Maybe you have some other constraint applied to your resource within
your application ?
On Wed, 2016-10-26 at 19:40 +0800, Joey wrote:
> Hi Guys,
>
> I read from documents, and my understanding is if set Policy
> Enforcement Mode to disable, then any users can access all resources.
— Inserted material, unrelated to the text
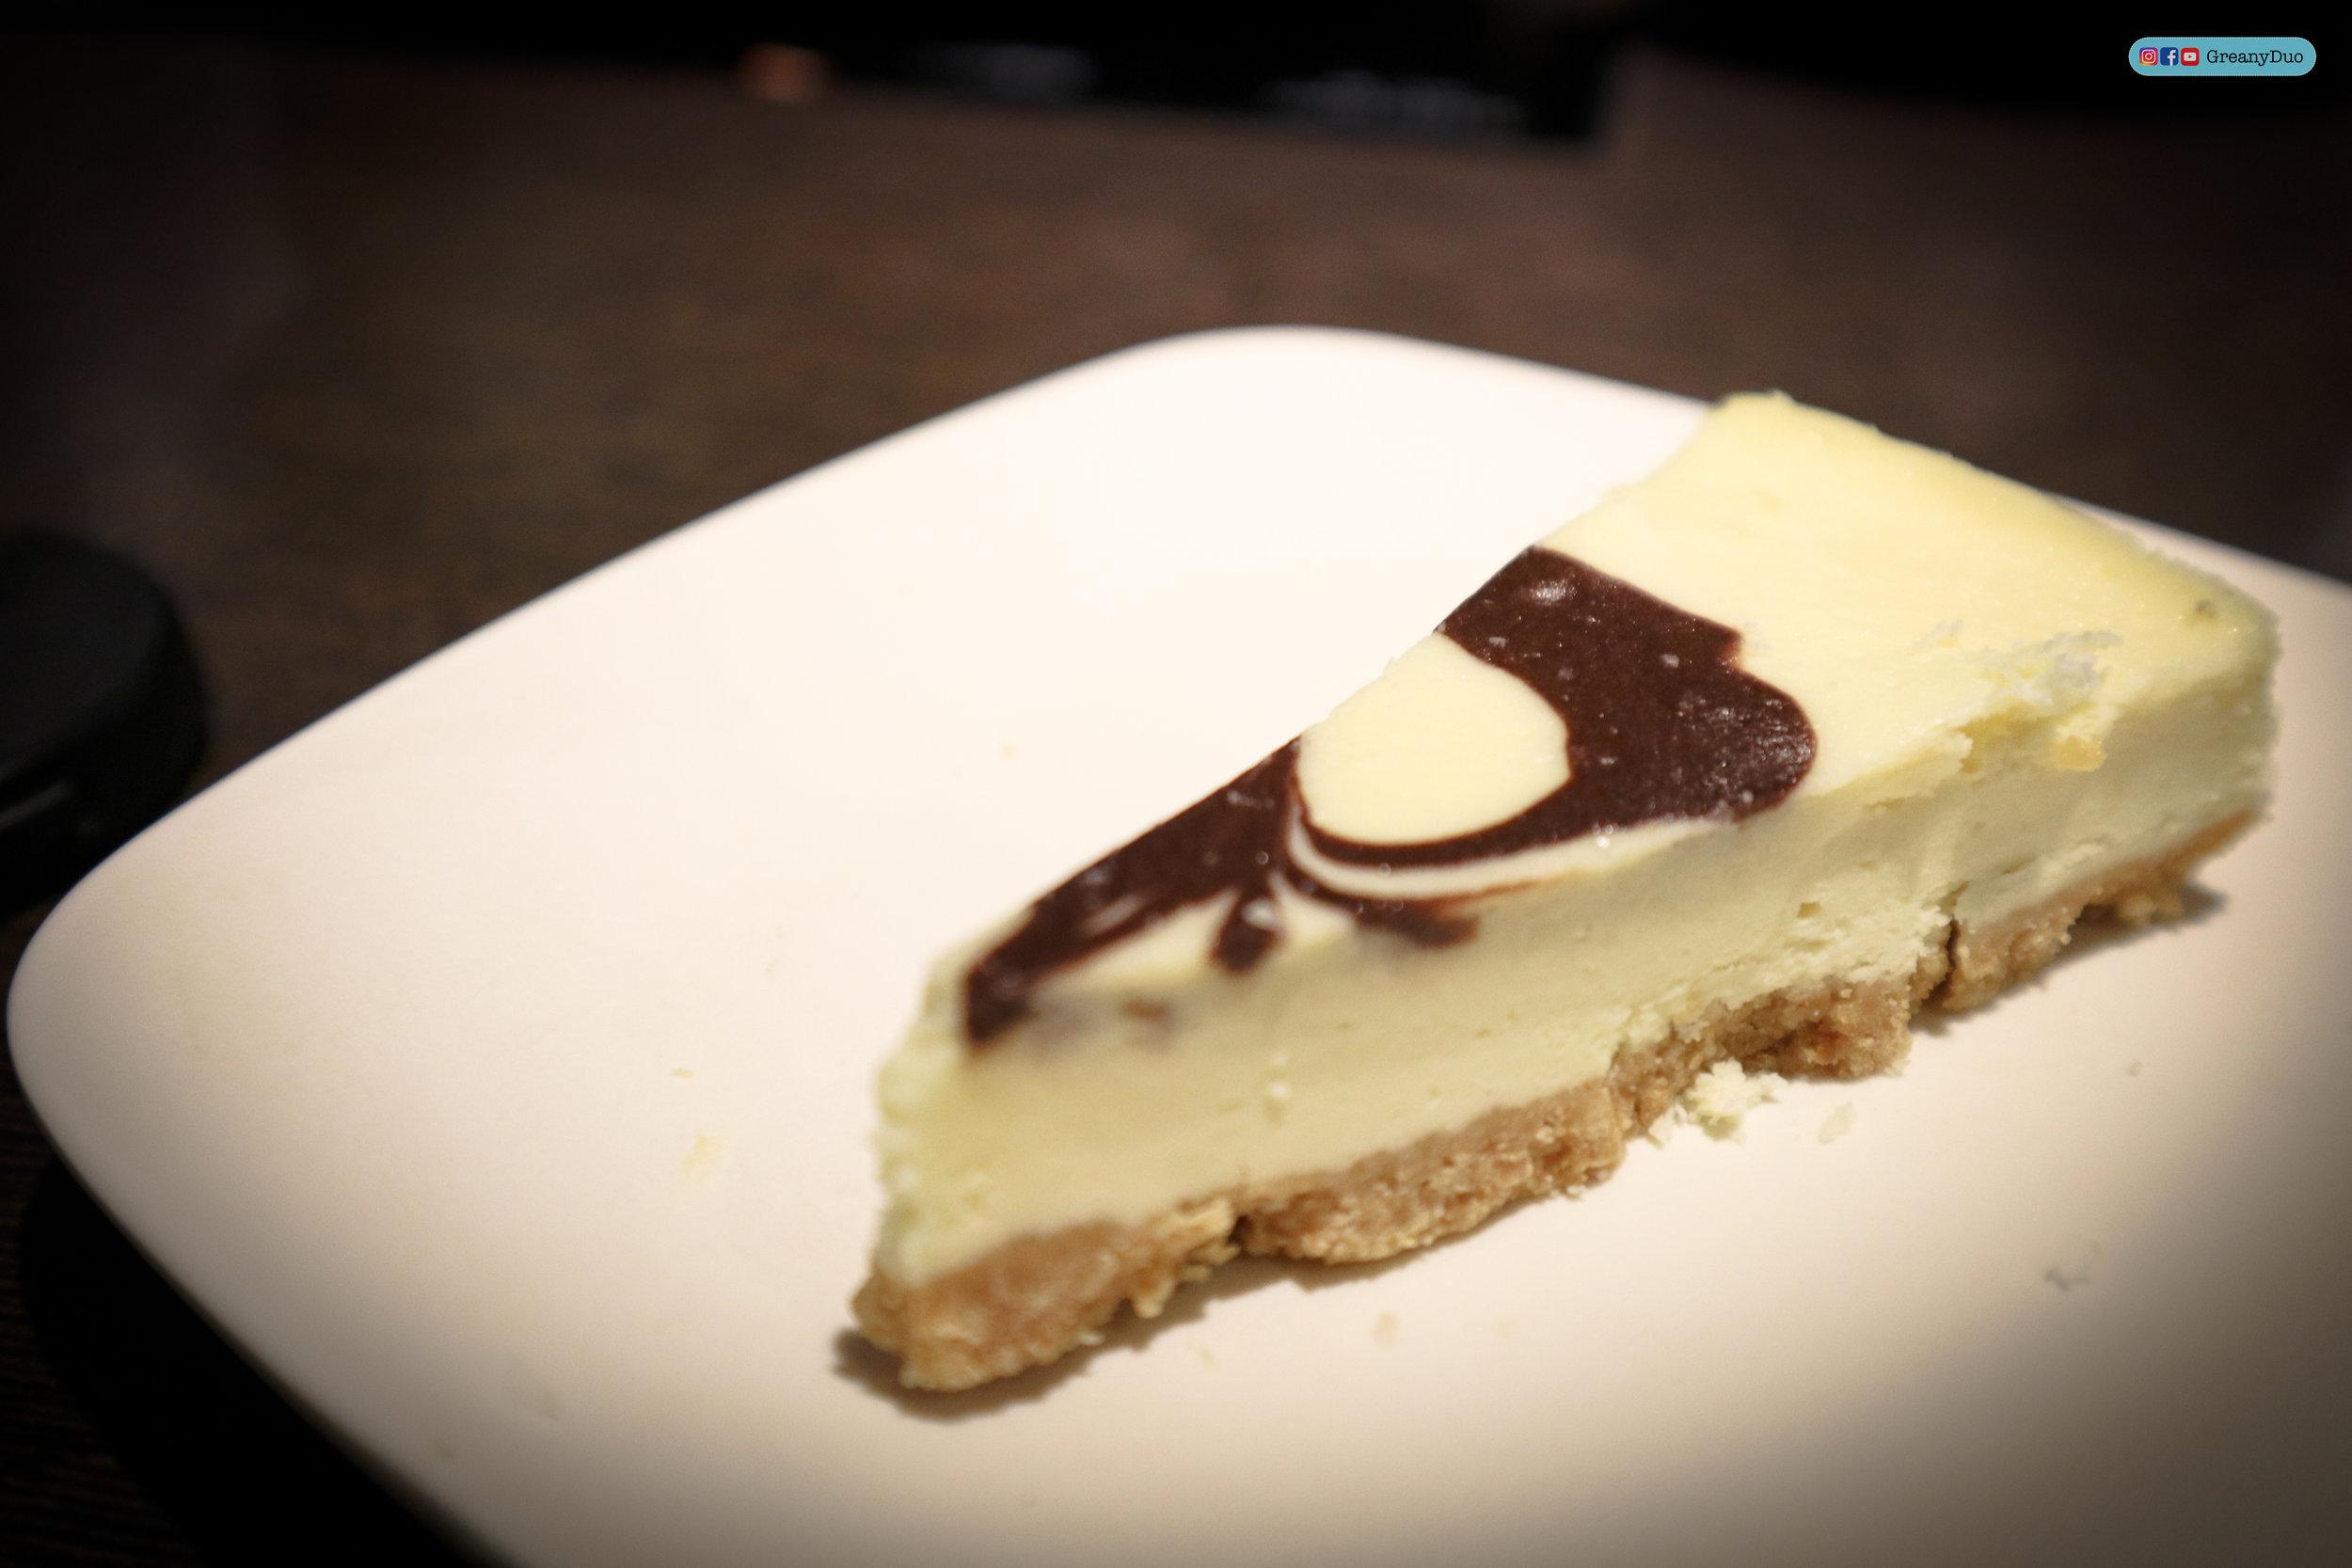 chocolate cheesecake at บุฟเฟ่ต์ชาบูไต้หวันที่ Hakkai Shabu Shabu ซีเหมินติง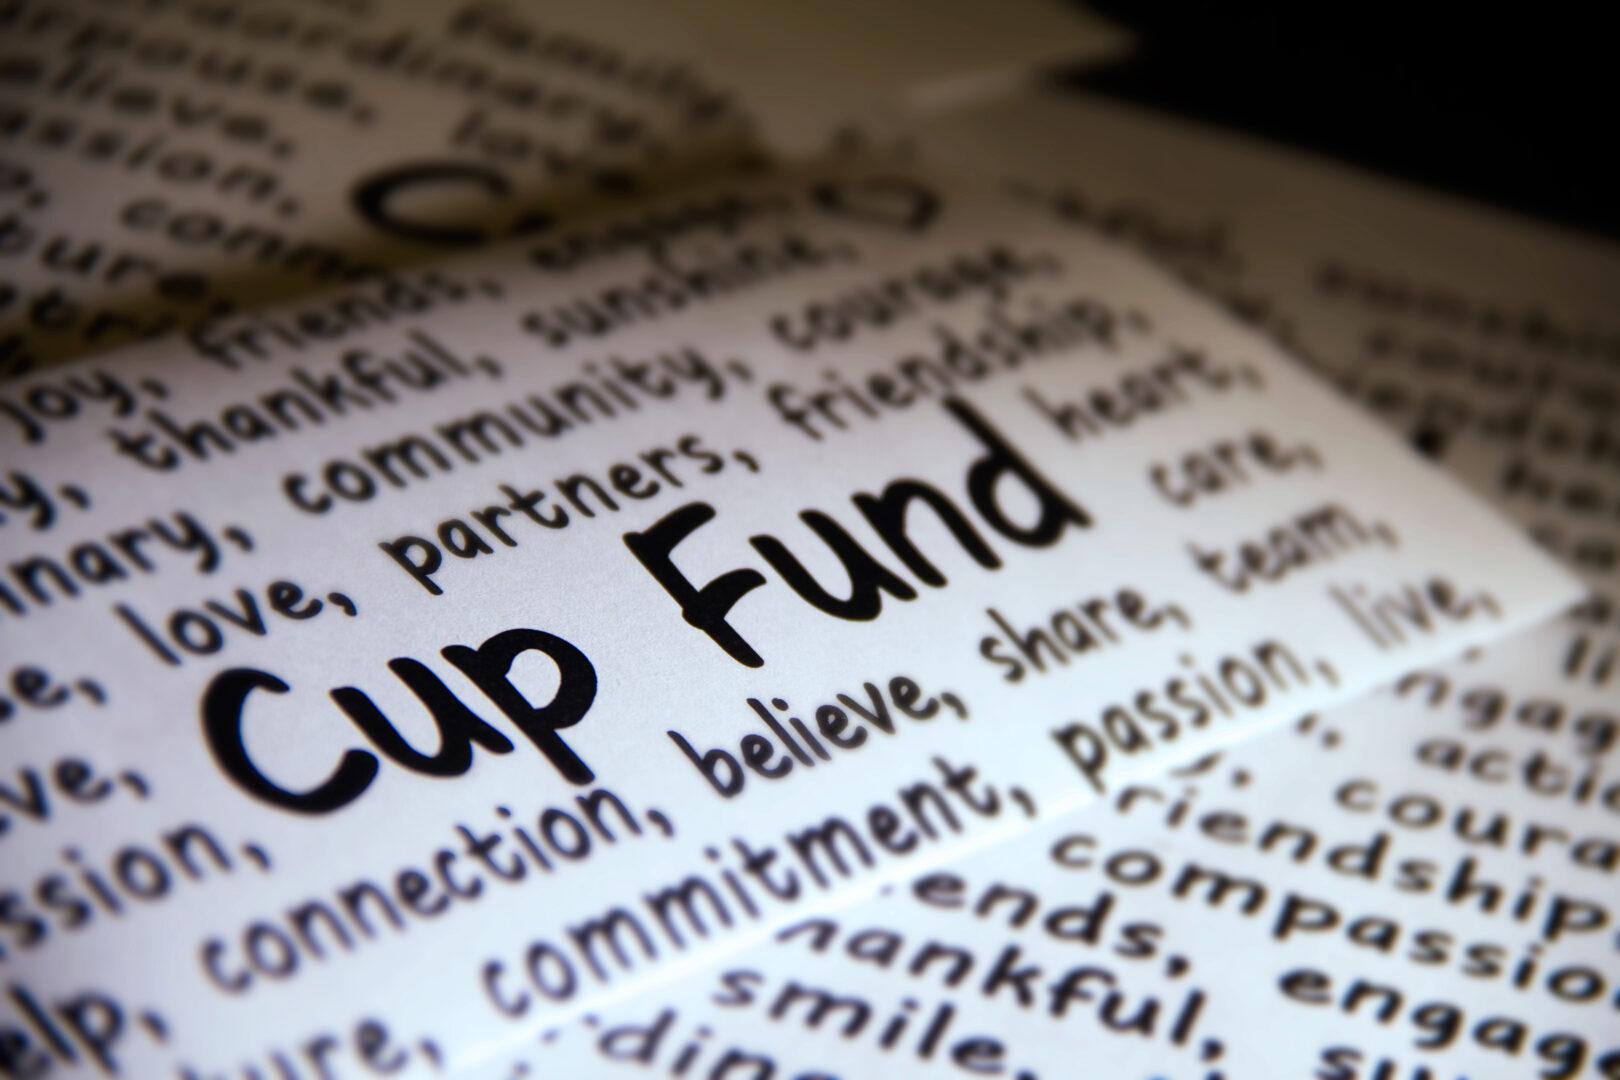 Starbucks CUP Fund

> but I tried to set it to disable. but nothing be changed.
>
> For example,
>
> I have a role call Role_A , and set a user Tom as this Role_A, if I
> set a resource access policy without Role_A. this user Tom cannot
> access this resource. And I can see some log in tomcat.
>
> Oct 26, 2016 7:37:33 PM
> org.keycloak.adapters.authorization.PolicyEnforcer enforce
>
> DEBUG: Policy enforcement is enable. Enforcing policy decisions for
> path [http://operation.iishang-intr.com:9111/op/jsp/base/loginStatist
> ics/portalLoginStatistics.jsp].
>
> Oct 26, 2016 7:37:33 PM
> org.keycloak.adapters.authorization.PolicyEnforcer enforce
>
> DEBUG: Policy enforcement result for path
> [http://operation.iishang-intr.com:9111/op/jsp/base/loginStatistics/p
> ortalLoginStatistics.jsp]
> is : GRANTED
>
> Oct 26, 2016 7:37:33 PM
> org.keycloak.adapters.authorization.PolicyEnforcer enforce
>
> DEBUG: Returning authorization context with permissions:
>
>
> Joey
> _______________________________________________
> keycloak-user mailing list
> keycloak-user(a)lists.jboss.org
> https://lists.jboss.org/mailman/listinfo/keycloak-user
--
Pedro Igor
8:13 a.m.
This one smells like a bug. Can you create a JIRA, please ?
On Thu, 2016-10-27 at 00:48 +0800, Joey wrote:
Thanks Pedro, I think you are right.
I would like to ask one more question. I want to let keycloak protect
most of resources of my website. but I also want to expose some
resources to anonymous,
for example, let anonymous user can visit all files within
/resources
folder, then I do something like this.
Tomcat web.xml
<security-constraint>
<web-resource-collection>
<web-resource-name>All Resources</web-resource-name>
<url-pattern>/user/login.action</url-pattern>
<url-pattern>/jsp/*</url-pattern>
</web-resource-collection>
<auth-constraint>
<role-name>admin</role-name>
</auth-constraint>
</security-constraint>
<security-constraint>
<web-resource-collection>
<web-resource-name>All Resources</web-resource-name>
<url-pattern>/resources/*</url-pattern>
</web-resource-collection>
</security-constraint>
<login-config>
<auth-method>KEYCLOAK</auth-method>
<realm-name>master</realm-name>
</login-config>
<security-role>
<role-name>admin</role-name>
</security-role>
Keycloak
I don't create permission can control folder [/resources] or it's
parent folder.
But when I tried to visit a file in folder [/resources], I got http
500 error.
java.lang.RuntimeException: Failed to enforce policy decisions.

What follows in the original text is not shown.